Human life consciousness stirs in the slums of Jakarta and Mumbai, a day lies ahead of hustling and labour-toil. Some of the prostitutes are only children. Some of the children are working in mines, some are swimming in polluted waters in search of items they can sell or recycle. The night shifts are putting away their hospital uniforms, the day shifts are changing the drip feeds of the patients, elderly people lie on trolleys in corridors, exhausted from hours of sleeplessness in the neon light.

Everything is flattened out. The sides of the buildings are strictly measured lines of glass and steel, software runs in millions of lines of code, mirror switching in the networks, packets of data moving at near light speeds. Monitors, red lights flashing, green lights and the 300,000 tonne ship inches slowly away from the edge of the quay; 24,000 containers stacked high. Constant ship movements through the channel. Oil tankers, container ships, car carriers, bulk carriers, liquid natural gas. From Rotterdam Maasvlakte to Port Klang in Malaysia, DP World London Gateway to Tanger, Morocco, to New York, Le Havre, around the world and back again.

I’m living local, underground, unobserved, unobtrusive. It’s worth noting the detail of the day, the small actions, the bits of conversation, the way that words are used, the noise of cars, the smell of petrol, the rubbish in the alley, the way that nature is being polluted at a local and global scale.

In the supermarket the woman in front of me turns around and says, ‘oh, excuse me’ and goes off to collect an item she’s just remembered. She’s dressed in a Bohemian way, bright and colourful with big jewellery.

‘That’s ok’, I say, ‘I do that all the time. It’s annoying when you get home and discover a missing item’. And then I point to a large box of Jaffa cakes in my pile of shopping on the black rubber conveyor belt.
‘I nearly forgot these’
‘Oh’, she says, ‘my friend’s dog had to be put down the other day and he loved those. So they gave him one to nibble and then he was put to sleep’.
I thought this would be a rather good way to go.

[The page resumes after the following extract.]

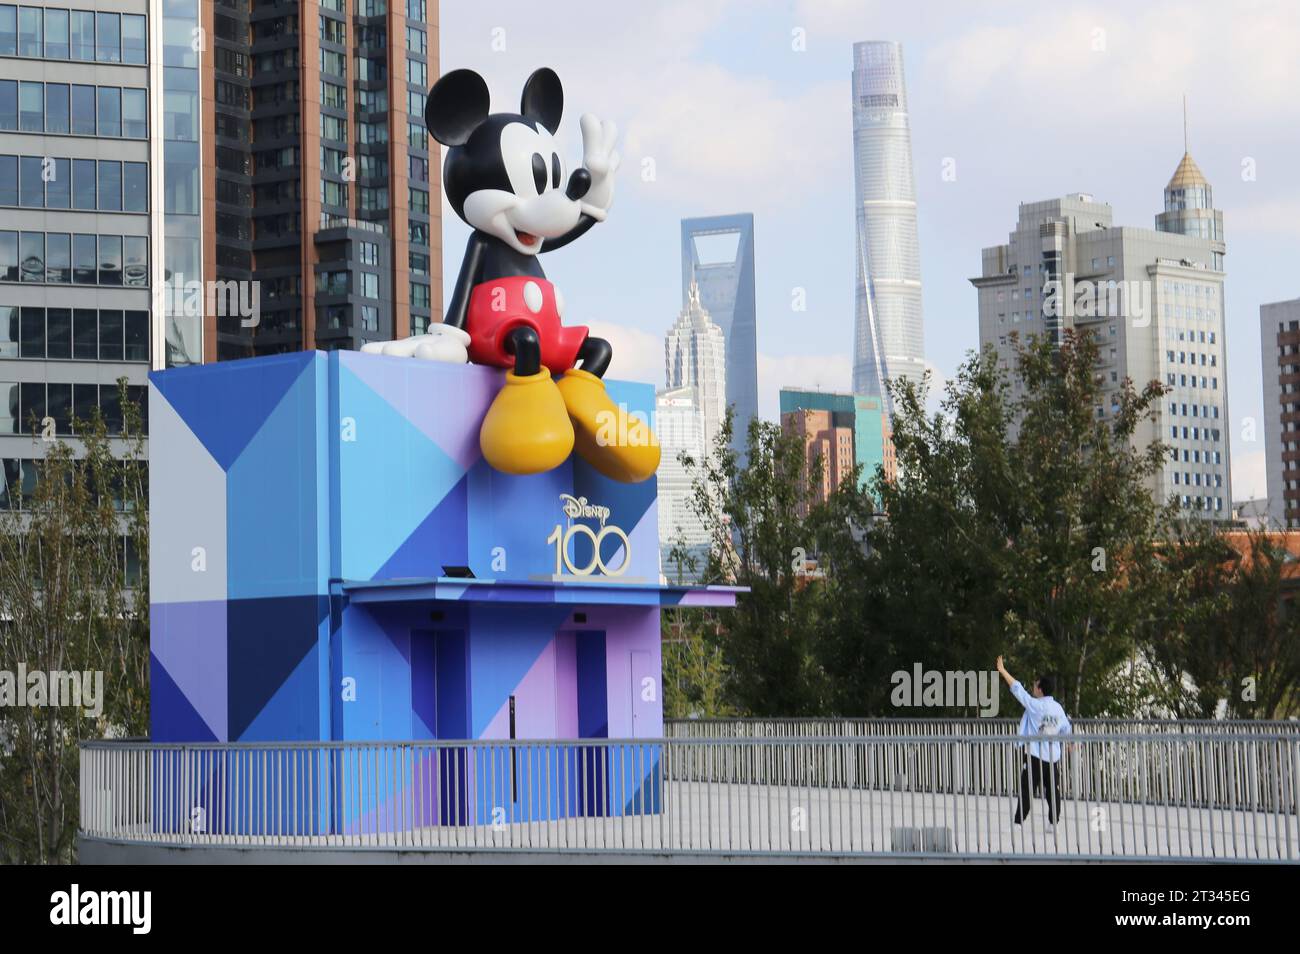 SHANGHAI, CHINE - le 22 OCTOBRE 2023 - Une sculpture commémorative du 100e anniversaire de Disney, Mickey Mouse, se trouve au complexe commercial près du Suzhou Banque D'Images
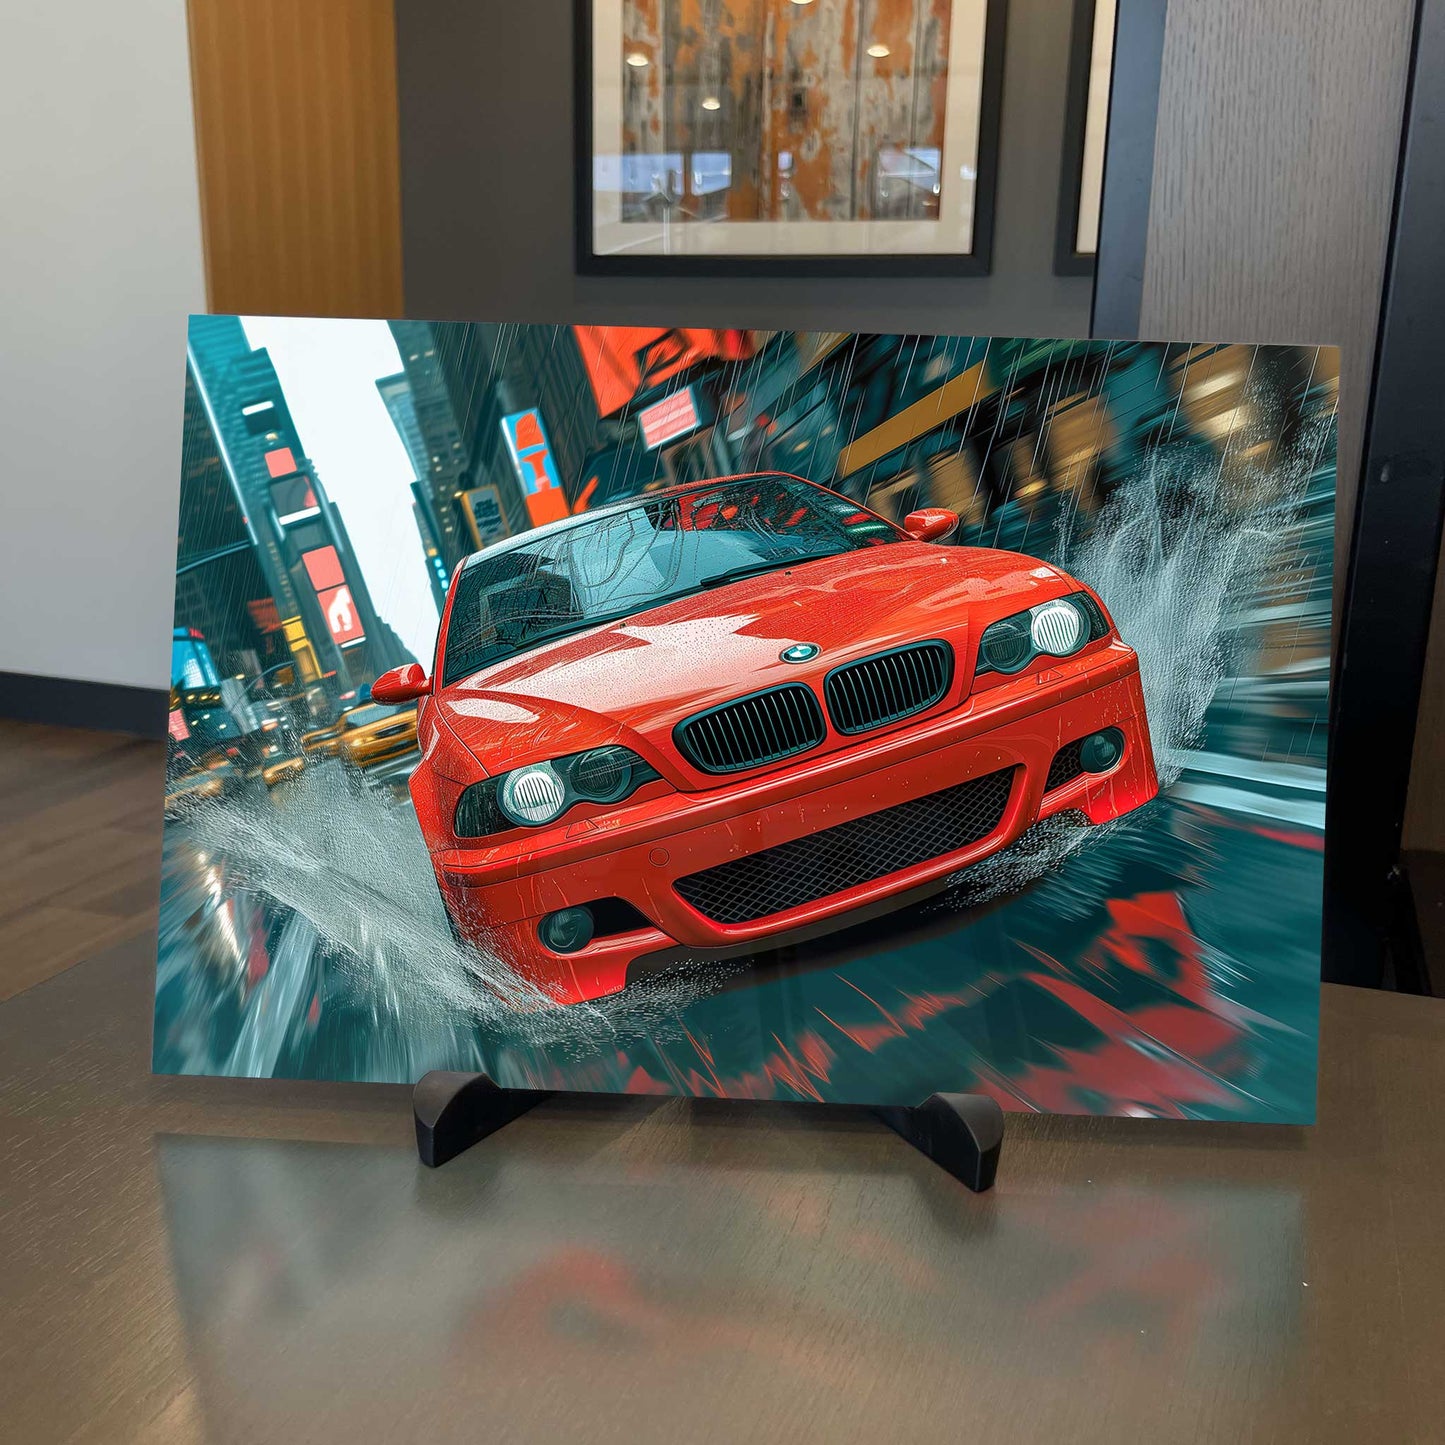 2005 BMW M5 Digital Painting on Metal

I bumped into a friend and we sat and had a catch up in the wine bar. Neither of us drinking, it wasn’t even noon. I’d been in A&E for 14 hours and still don’t feel right. In all that time I must have had 10 minutes of conversation with the health staff. They are just too busy and under far too much pressure. And then get home and have to listen to the government. I listen to the Today some mornings when I’m getting reading for work. I am astonished that anyone can believe a word that the politicians say.

Anyway, he gave me a lot of good advice. No sugar, raw vegetables, lemon water, apple cider vinegar, only small amounts of meat, rest, ‘look after yourself’. He was kind and gentle and spoke in such a way of quiet authority that he made it seem achievable. He cheered me up in a way the chaotic responses from the over-worked doctor’s surgery failed to do.

I spent the rest of the day reading EP Thompson’s magnificent book, The Making of the English Working Class in preparation for a Radical Walk, ‘Praed Street & the Liberty Tree‘.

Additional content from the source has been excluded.